Joie’s Late Week Recipes: SAD-Prevention Beef Stew with Spicy Sweet Potato Mash

November 11, 2007

Winter is descending fast in the Northern Hemisphere and, for reasons that I do not care enough about to enumerate here, I am forsaking the sun-bathed beaches of Australia for the drizzle-soaked grey of British Columbia, Canada for the next two months. A tragedy like this calls for stew; some serious, blood-warming, soul-fortifying liquid life in a bowl. The issue of what to serve with stew is a serious one. There is the stew=centre stage crew who believe that you should have a side of mashed potatoes (plain) or broad flat noodles, a real canvas and paint situation. Then there is the camp I belong to (and there are very few of us around, as I understand it) that believe that whatever you serve your stew with should be able to stand-alone. Don’t misunderstand, I’m not talking about two competing flavours here. What I am talking about is two separate dishes that are excellent, singly, but explode into an orgy of amazing-ness when paired. With this in mind, may I present for your consideration:

SAD-Prevention Beef Stew with Spicy Sweet Potato Mash

  • 1lb (454g) gravy or stew beef, cut into 1” cubes
  • 1L beef stock (low-sodium, because it will get reduced)[1]
  • 2 med-large carrots, cut into short strips OR 250g of baby carrots
  • 2 med onions, quartered OR 250g of pearl onions, peeled[2]
  • 2-3 tbsp of AP flour
  • 1tsp dried sage[3]
  • 3-4tbsp of high smoke point oil
  • salt & pepper to taste
  • 3-4 serrano chillies
  • 1kg sweet potato[4]
  • milk & butter as required[5]

1. Heat oil on high in a cast iron pan until the surface of the oil is rippling[6]
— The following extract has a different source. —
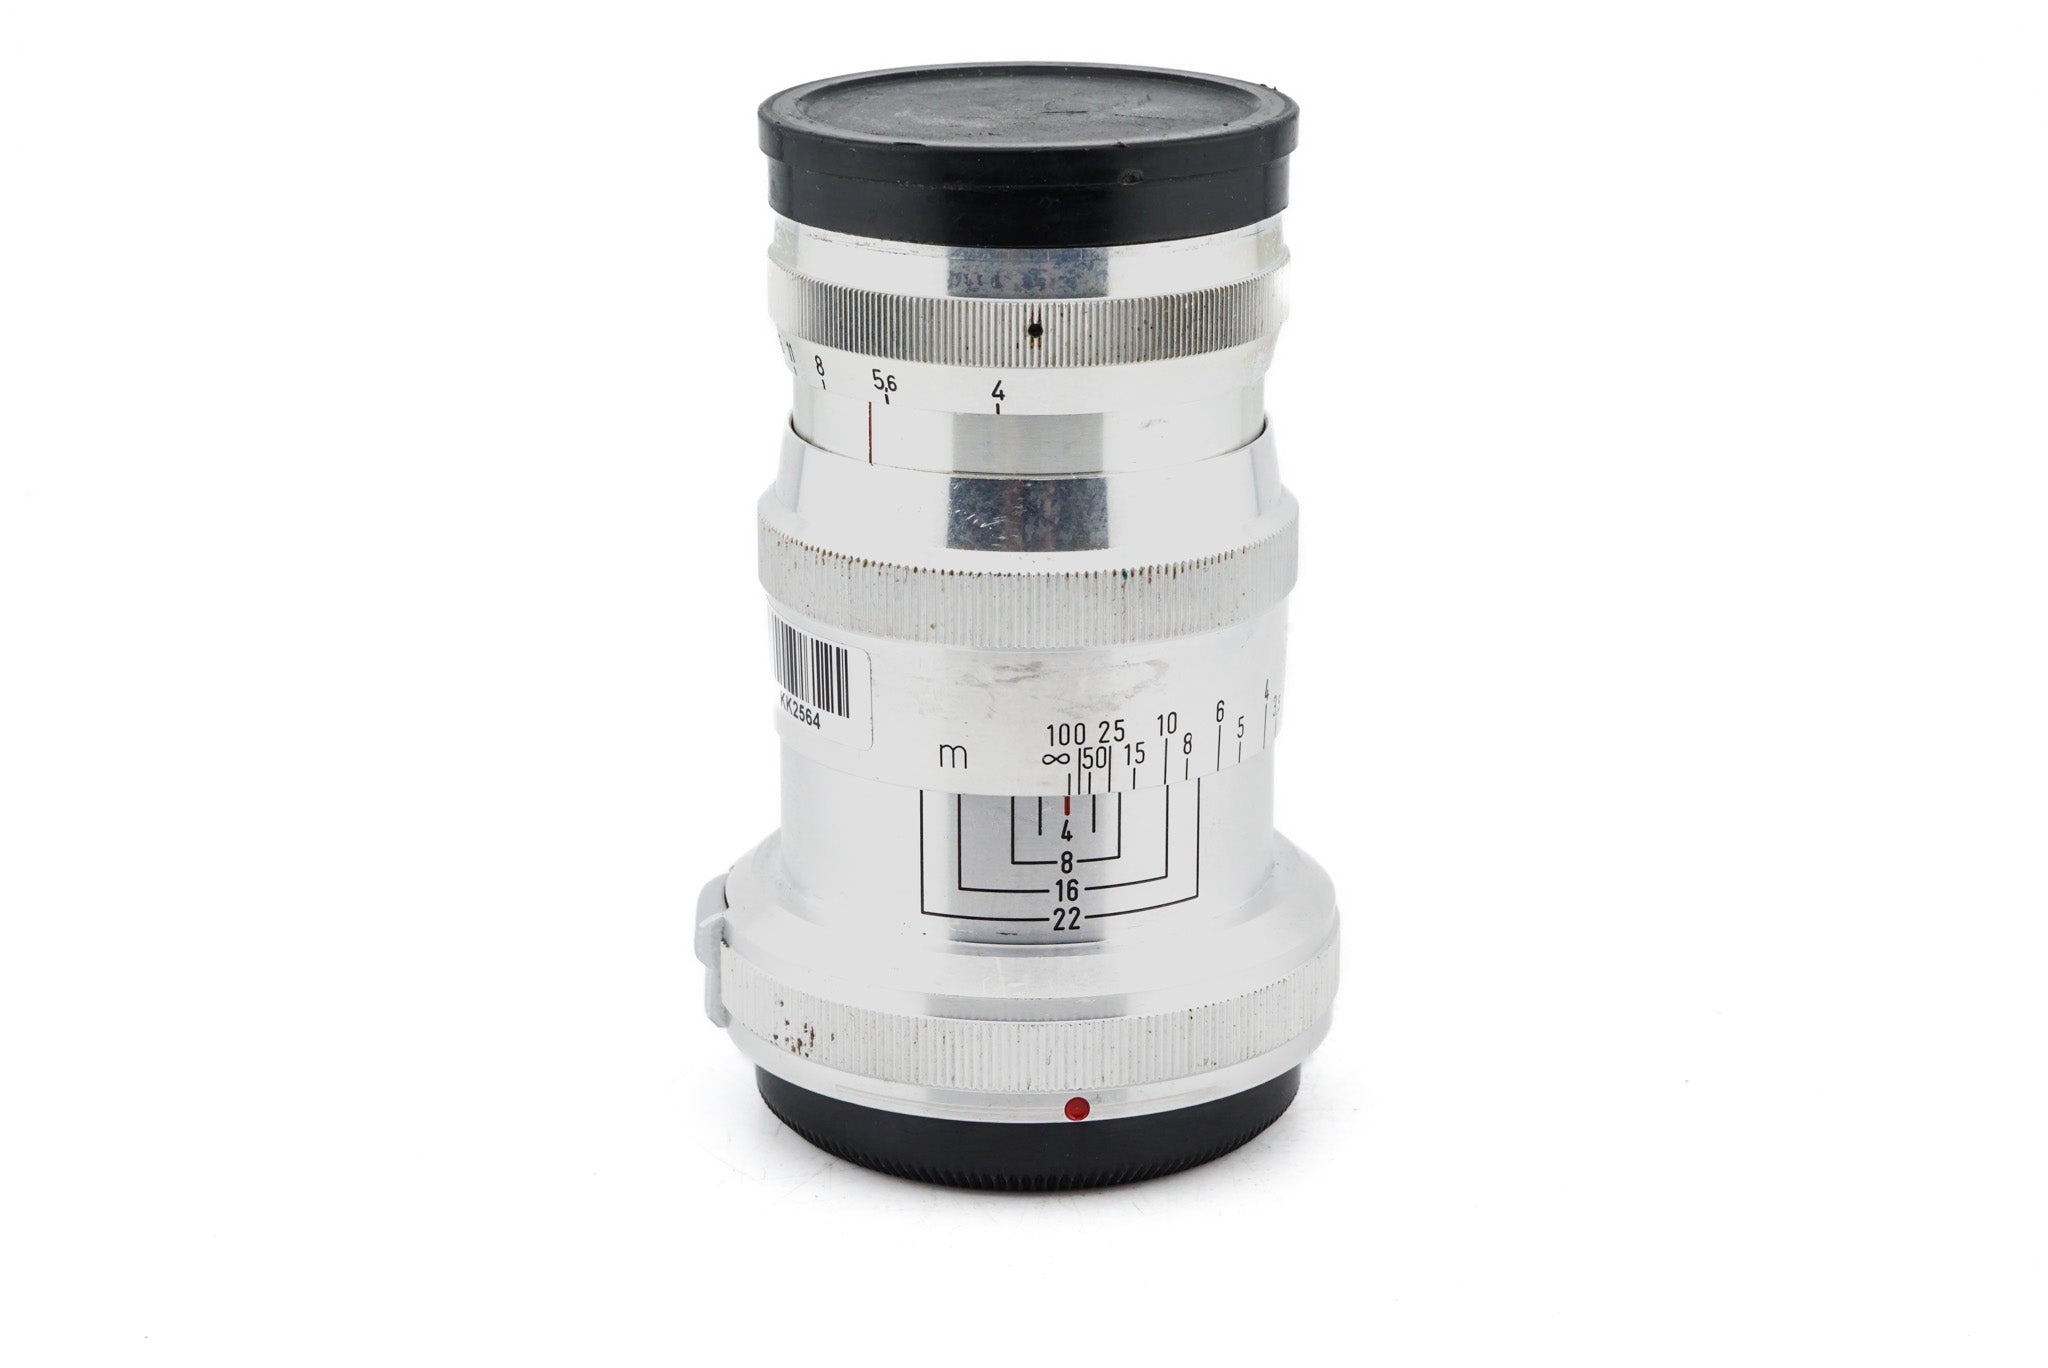 Carl Zeiss 85mm f4 Triotar - Lens

2. Coat the beef in flour, salt and pepper, dusting off the extra

3. Brown the beef in batches (don’t over crowd the pan), set the browned beef aside.

4. Evacuate the last batch of beef and deglaze the pan with beef stock (not all of it!), make sure you scrape up the tasty brown bits, stirring it into the stock.

5. Put the carrots, onion, sage and beef into the pan. Add stock to almost the top of the pan. Turn the heat down to simmer. Simmer for more than an hour, adding stock as necessary.[7]

6. Meanwhile, cut sweet potatoes into evenly sized chunks. Dump it into a pot with enough water to cover the potatoes by an inch. Set over high heat. Bring to a boil and check constantly for doneness[8].

7. As the potatoes are cooking slice the chillies lengthwise and scrape out the seeds. Slice thinly crosswise.

8. Drain the cooked potatoes, add the chopped chillies and mash with milk and butter. I like mine to taste real buttery, but that’s just me.

9. When you’ve decided that your stew has simmered enough, check the consistency of the gravy. If it’s not thick enough, mix either the remaining stock or some water with 2-3tsp of cornstarch and stir into the stew to thicken.

10. Serve the stew over a mountain of the orangey goodness.

[1] If you are mixing your stock from powder, use a little less than recommended, otherwise your stew will turn out too salty

[2] Peeling pearl onions is easier than it seems. Just drop them in boiling water for 30 seconds, quickly plunge them into ice water. Then simply squeeze at one end and they will squirt out of their skins.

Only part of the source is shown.